Echoing the recent comments, I feel that computer science departments shouldn't jump on the latest computer languanges (IT degrees, maybe..) You're at school to learn to program and problem-solve, not to learn a languange. Ideally college should teach you how to learn languages. I know mine did. The intro course is taught in Scheme, the S/W engineering course was tuaght in PolyJ (a Java variant), the O/S course uses C, my parallel algorithms course used pH, AI used Scheme. Typically speaking each course used a different language, but spent the majority of time teaching the concepts, not the languange.
The intro class spent about two weeks teaching Scheme, thats it. The rest of the time was learning how to do more and more complex things with a very simple to learn language.
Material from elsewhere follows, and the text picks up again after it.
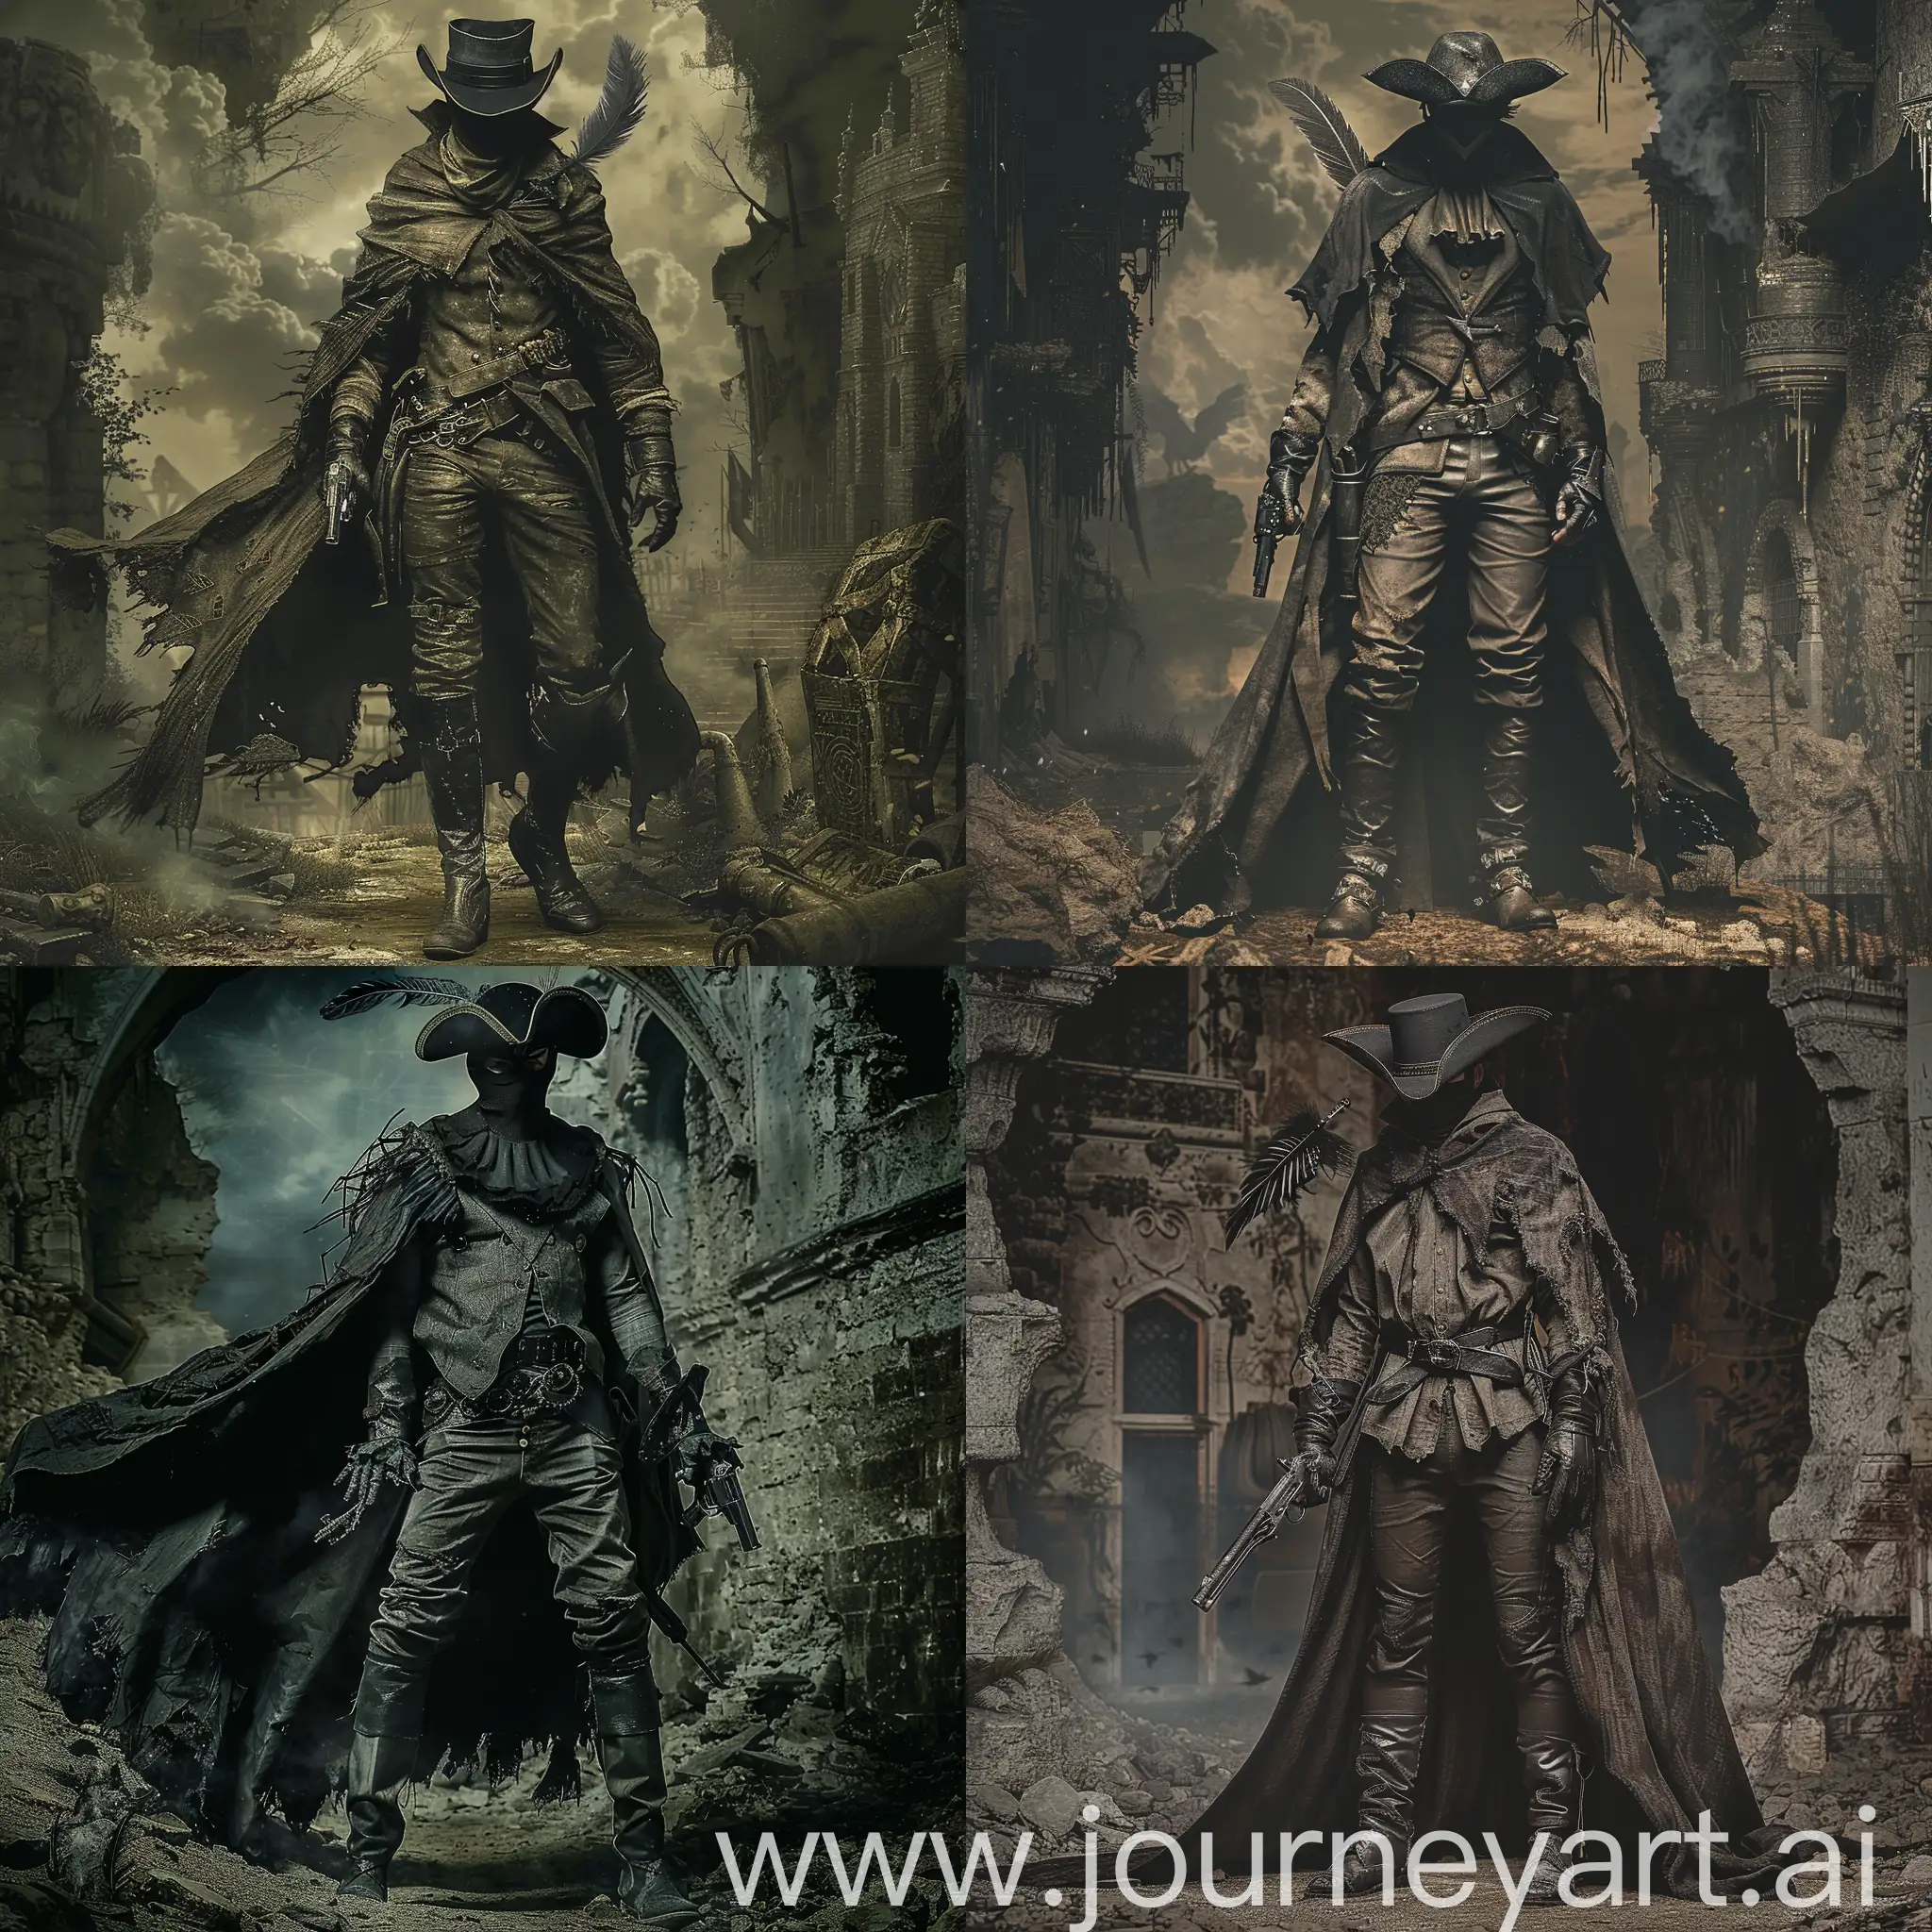 A man in edgy attire inspired by Bloodborne wears a tattered, dark cloak over a high-collared shirt, paired with leather gloves and trousers. Knee-high boots and dark accessories complete the look, evoking the gothic, Victorian aesthetic with a hint of horror, wielding a gunblade, wears a black mask and a tricorne with a feather in a dark rotting castle ,1970's dark fantasy book cover style, gritty, dark, vintage, detailed

For Java they had to intersperse languange constructs throughout a lot of the course, but they expected you to pick it up quickly as you went. As a result new languages don't scare me (well Perl does a little

).
I never took some of the different web-technologies courses they offer. I wouldn't be surprised to see them use PHP here because it allows people to quickly focus on the aspects that make web programming unique Likewize I wouldn't be surprised if classes that teach databases use PHP as a glue languange. However PHP's class model does not lend it to being used in s/w engineering courses where OO is taught.
Schools should pick the language that best allows them to teach their concepts.